Reproduce the listing below word for word and exclude any picture.

+++ Dataset section

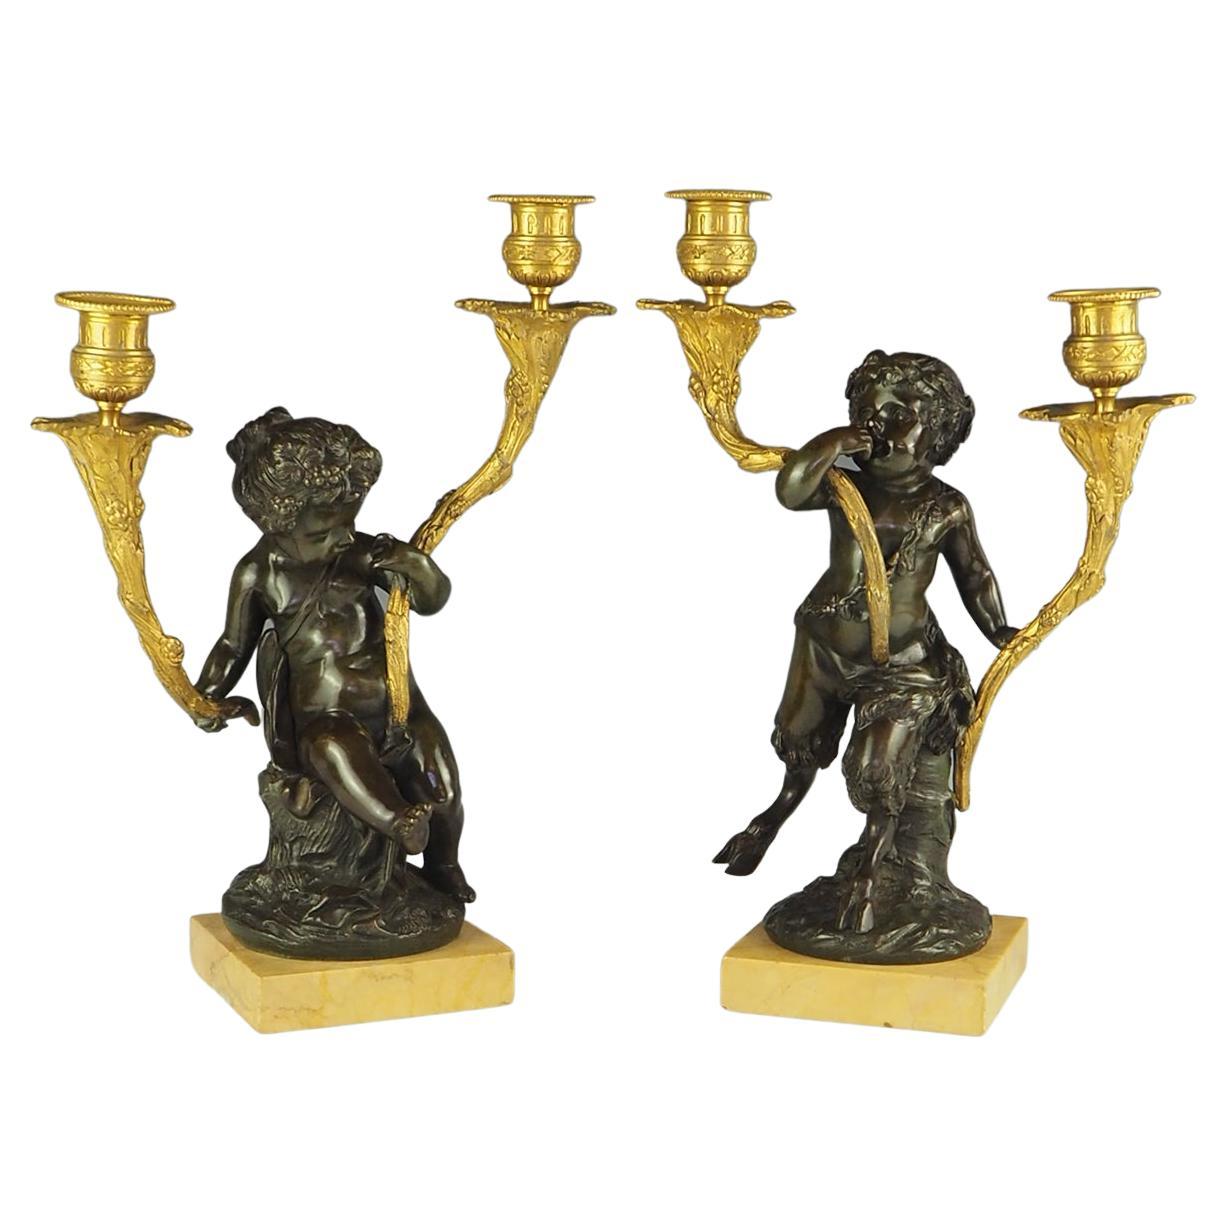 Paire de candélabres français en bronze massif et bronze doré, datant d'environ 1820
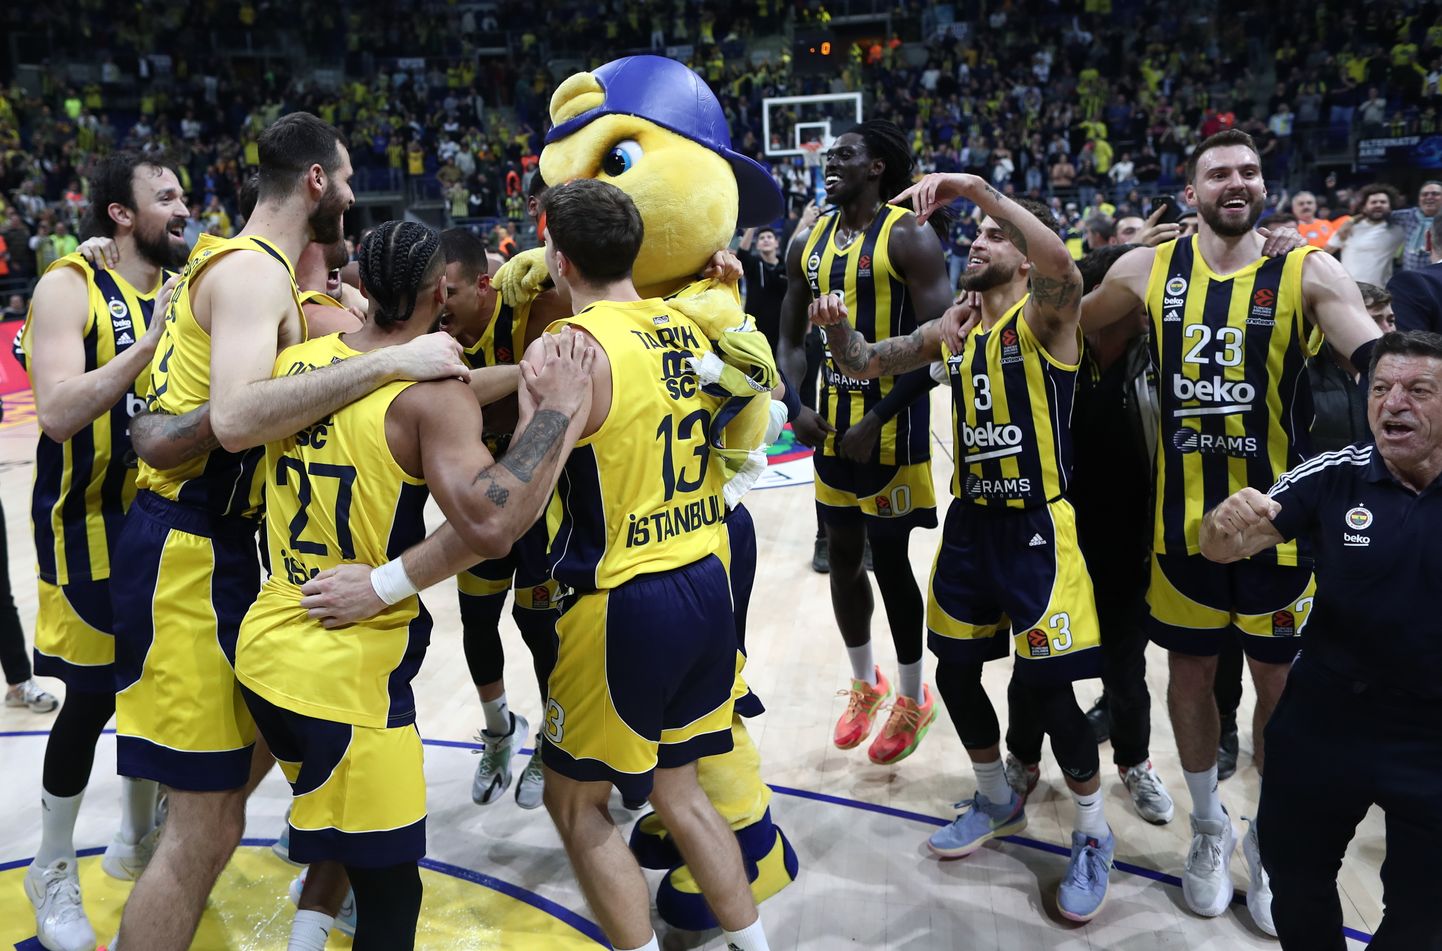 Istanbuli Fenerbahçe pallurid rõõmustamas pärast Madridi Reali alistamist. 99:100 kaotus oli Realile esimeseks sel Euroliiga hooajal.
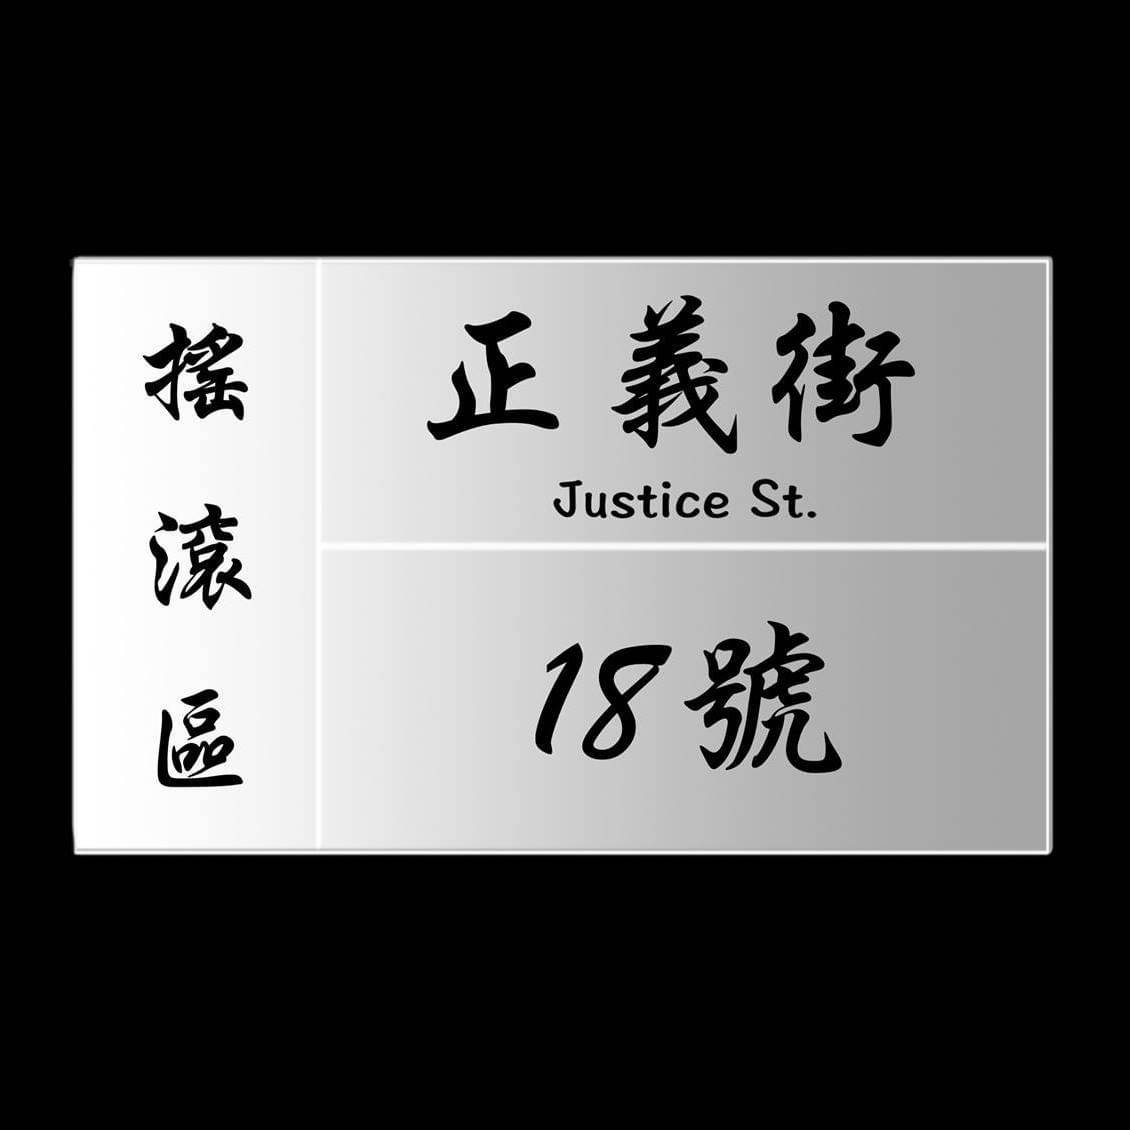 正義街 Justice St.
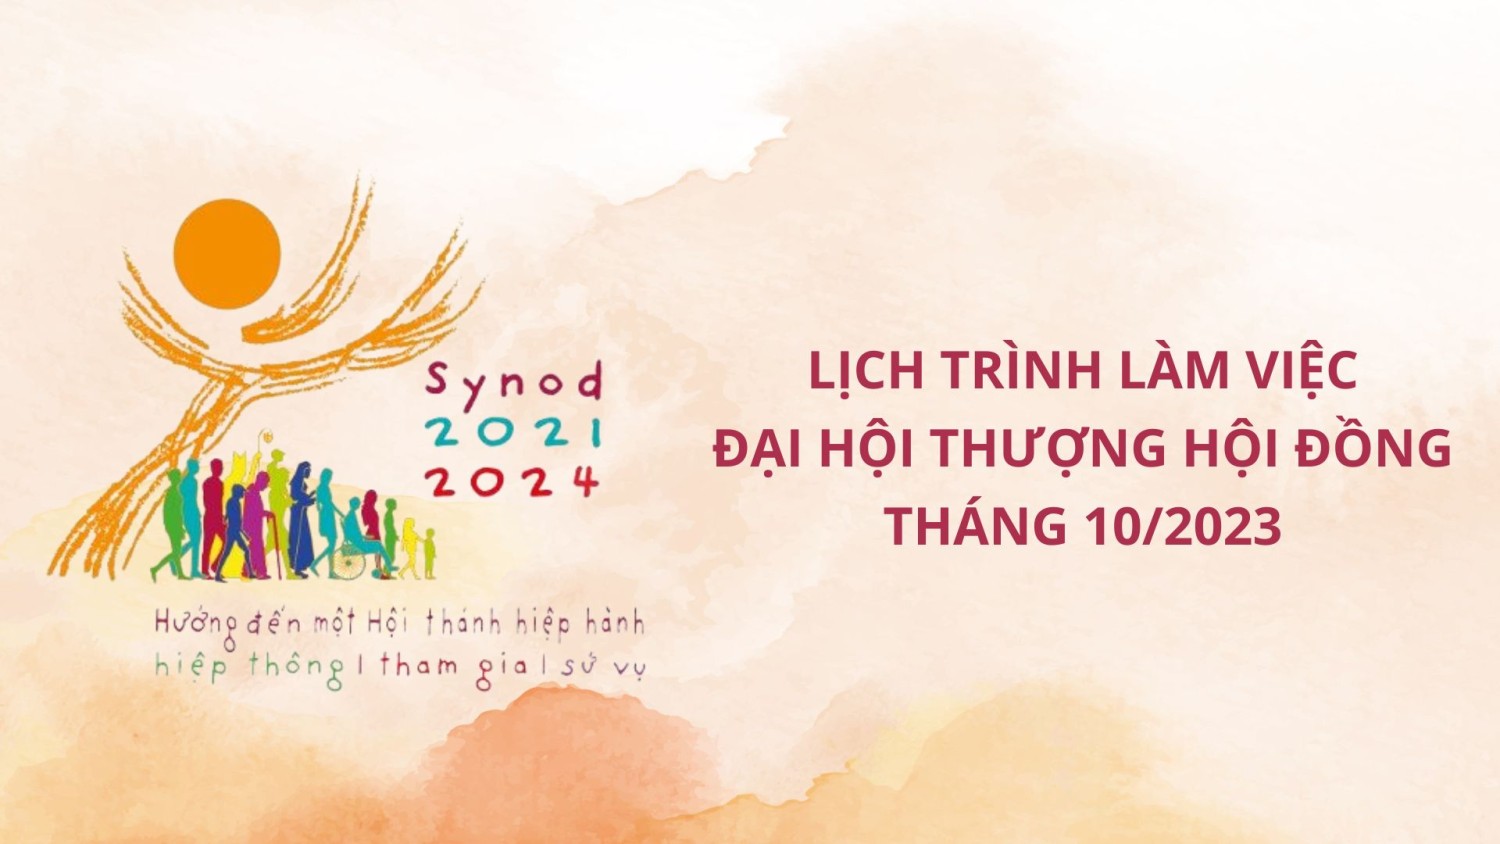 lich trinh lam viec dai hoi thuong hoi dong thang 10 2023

++++++

Solution to this task ▸
 Paire de candélabres français en bronze massif et bronze doré, datant d'environ 1820
 Istanbuli Fenerbahçe pallurid rõõmustamas pärast Madridi Reali alistamist. 99:100 kaotus oli Realile esimeseks sel Euroliiga hooajal.
 正義街 Justice St.
 lich trinh lam viec dai hoi thuong hoi dong thang 10 2023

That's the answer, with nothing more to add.